In this study, we used the data published by the NOAA storm Database to study the events that are most harmful with respect to population health and has the greatest economic consequences.
setwd('~/Documents/')
dat <- read.table('repdata.data.StormData.csv.bz2', header = TRUE, sep = ',', as.is = TRUE)
head(dat, 2)
## STATE__ BGN_DATE BGN_TIME TIME_ZONE COUNTY COUNTYNAME STATE
## 1 1 4/18/1950 0:00:00 0130 CST 97 MOBILE AL
## 2 1 4/18/1950 0:00:00 0145 CST 3 BALDWIN AL
## EVTYPE BGN_RANGE BGN_AZI BGN_LOCATI END_DATE END_TIME COUNTY_END
## 1 TORNADO 0 0
## 2 TORNADO 0 0
## COUNTYENDN END_RANGE END_AZI END_LOCATI LENGTH WIDTH F MAG FATALITIES
## 1 NA 0 14 100 3 0 0
## 2 NA 0 2 150 2 0 0
## INJURIES PROPDMG PROPDMGEXP CROPDMG CROPDMGEXP WFO STATEOFFIC ZONENAMES
## 1 15 25.0 K 0
## 2 0 2.5 K 0
## LATITUDE LONGITUDE LATITUDE_E LONGITUDE_ REMARKS REFNUM
## 1 3040 8812 3051 8806 1
## 2 3042 8755 0 0 2
There are 902297 lines loaded from the data, in which 985 kinds of events were recorded.
event <- dat$EVTYPE
event.table <- sort(table(event), decreasing = TRUE)
sum(event.table > 1e4)
## [1] 12
sum(event.table[event.table > 1e4])/sum(event.table)
## [1] 0.9166516
Among all recorded events, the pie chart shows the top 12 events that play a major roles (92%) of all observed events
top.events <- event.table[event.table > 1e4]/sum(event.table)

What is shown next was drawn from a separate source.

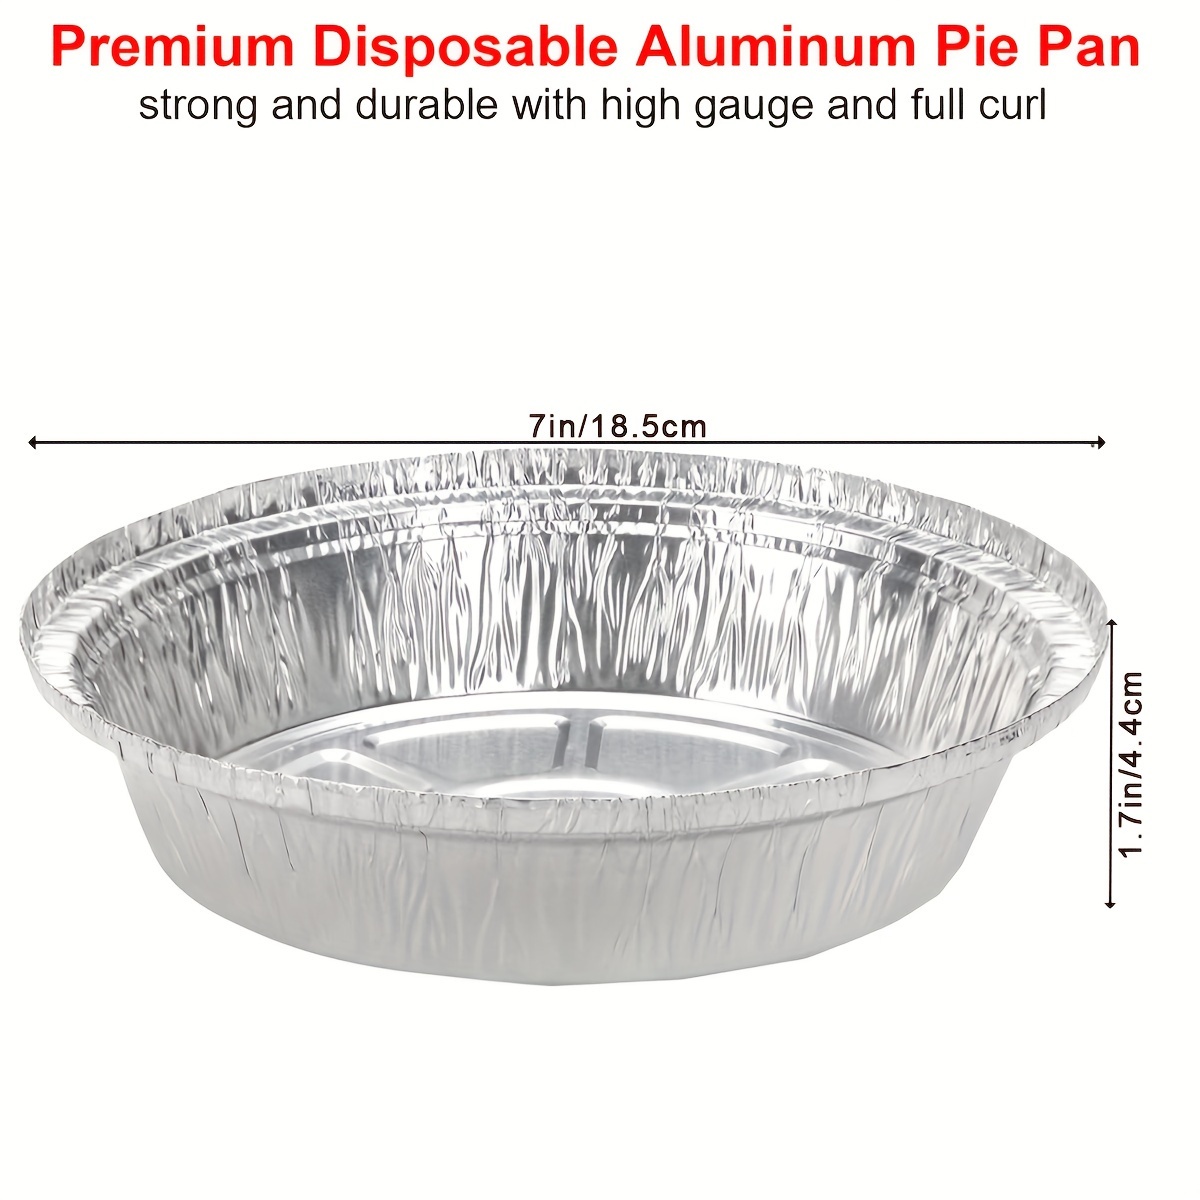 7in. Round Aluminum Pan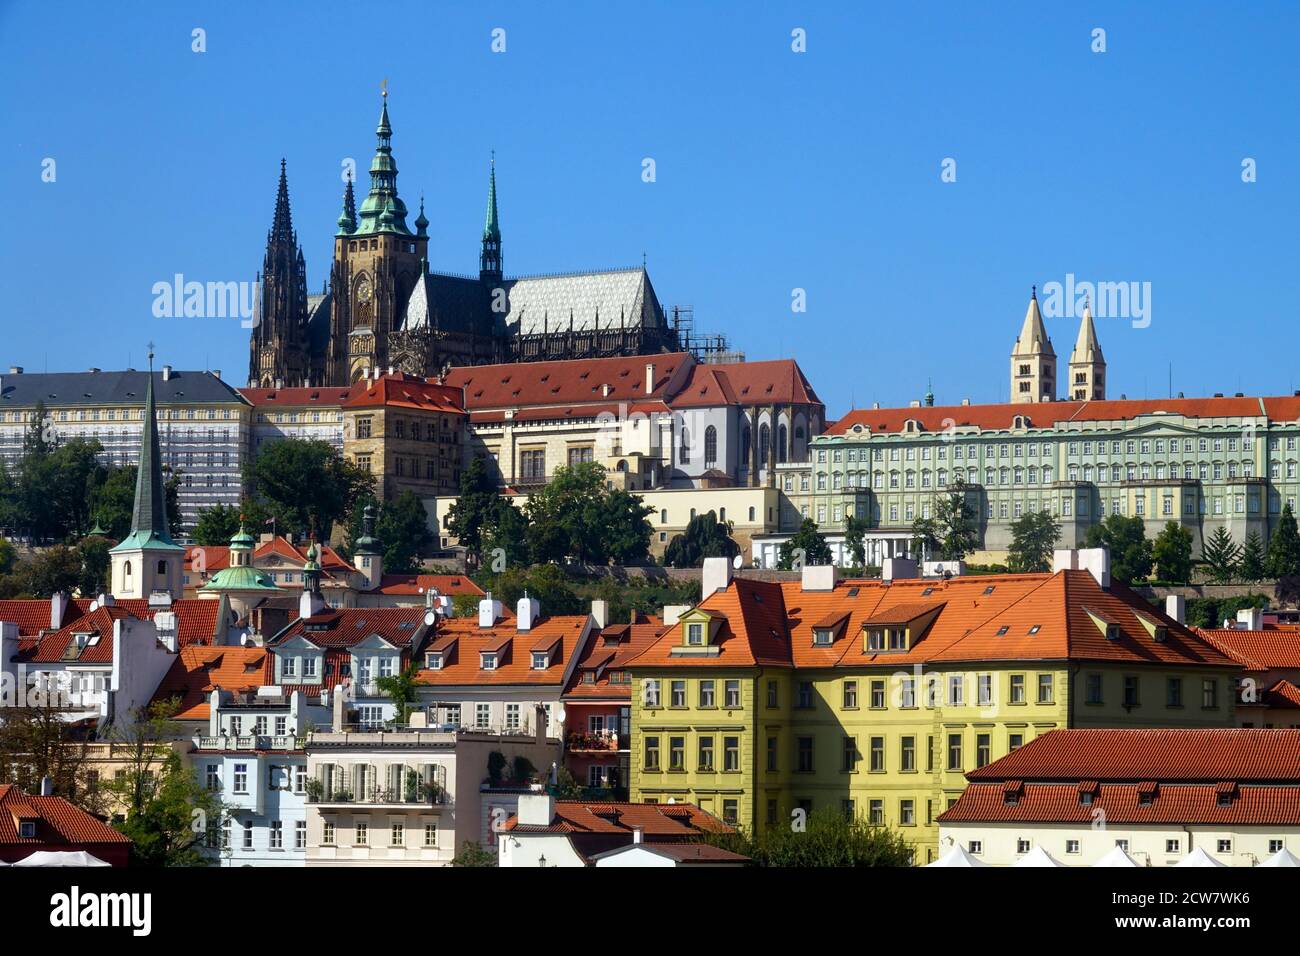 République tchèque vue sur le château de Prague avec une cathédrale au-dessus de la Mala Strana, siège présidentiel sur le quartier de Hradcany symbole de la nation tchèque Banque D'Images

top.events <- c(1 - sum(top.events), top.events)
names(top.events)[1] <- 'Others'
top.events <- sort(top.events, decreasing = TRUE)
pie(top.events, main = 'Major Events Occureed Frequently')
There are three variables of interest in this dataset, in which FATALITIES and INJURIES measure public health risk, which PROPDMG measures economic consequences. Both FATALITIES and INJURIES are counts, and in most of the cases, their values are zero
mean(dat$FATALITIES == 0)
## [1] 0.9922708
mean(dat$INJURIES == 0)
## [1] 0.9804898
To find the most harmful event that threatens the public health, we can calculate the means of FATALITIES and INJURIES for each type of events. The top 10 most harmful events for fatalities and injuries are listed as below
mean.fat <- sort(tapply(dat$FATALITIES, dat$EVTYPE, mean), decreasing = TRUE)
mean.inj <- sort(tapply(dat$INJURIES, dat$EVTYPE, mean), decreasing = TRUE)
head(mean.fat, 10)
## TORNADOES, TSTM WIND, HAIL COLD AND SNOW
## 25.000000 14.000000
## TROPICAL STORM GORDON RECORD/EXCESSIVE HEAT
## 8.000000 5.666667
## EXTREME HEAT HEAT WAVE DROUGHT
## 4.363636 4.000000
## HIGH WIND/SEAS MARINE MISHAP
## 4.000000 3.500000
## WINTER STORMS Heavy surf and wind
## 3.333333 3.000000
head(mean.inj, 10)
## Heat Wave TROPICAL STORM GORDON WILD FIRES
## 70.00000 43.00000 37.50000
## THUNDERSTORMW HIGH WIND AND SEAS SNOW/HIGH WINDS
## 27.00000 20.00000 18.00000
## GLAZE/ICE STORM HEAT WAVE DROUGHT WINTER STORM HIGH WINDS
## 15.00000 15.00000 15.00000
## HURRICANE/TYPHOON
## 14.48864
The most harmful event for fatalities and injuries are TORNADOES, TSTM WIND, HAIL and Heat Wave, respectively.
Similarly, the economic consequences can be measured by the mean of PROPDMG.
mean.eco <- sort(tapply(dat$PROPDMG, dat$EVTYPE, mean), decreasing = TRUE)
head(mean.eco)
## COASTAL EROSION HEAVY RAIN AND FLOOD RIVER AND STREAM FLOOD
## 766 600 600
## Landslump BLIZZARD/WINTER STORM FLASH FLOOD/
## 570 500 500
Thus, the event that has the greatest economic consequences is COASTAL EROSION.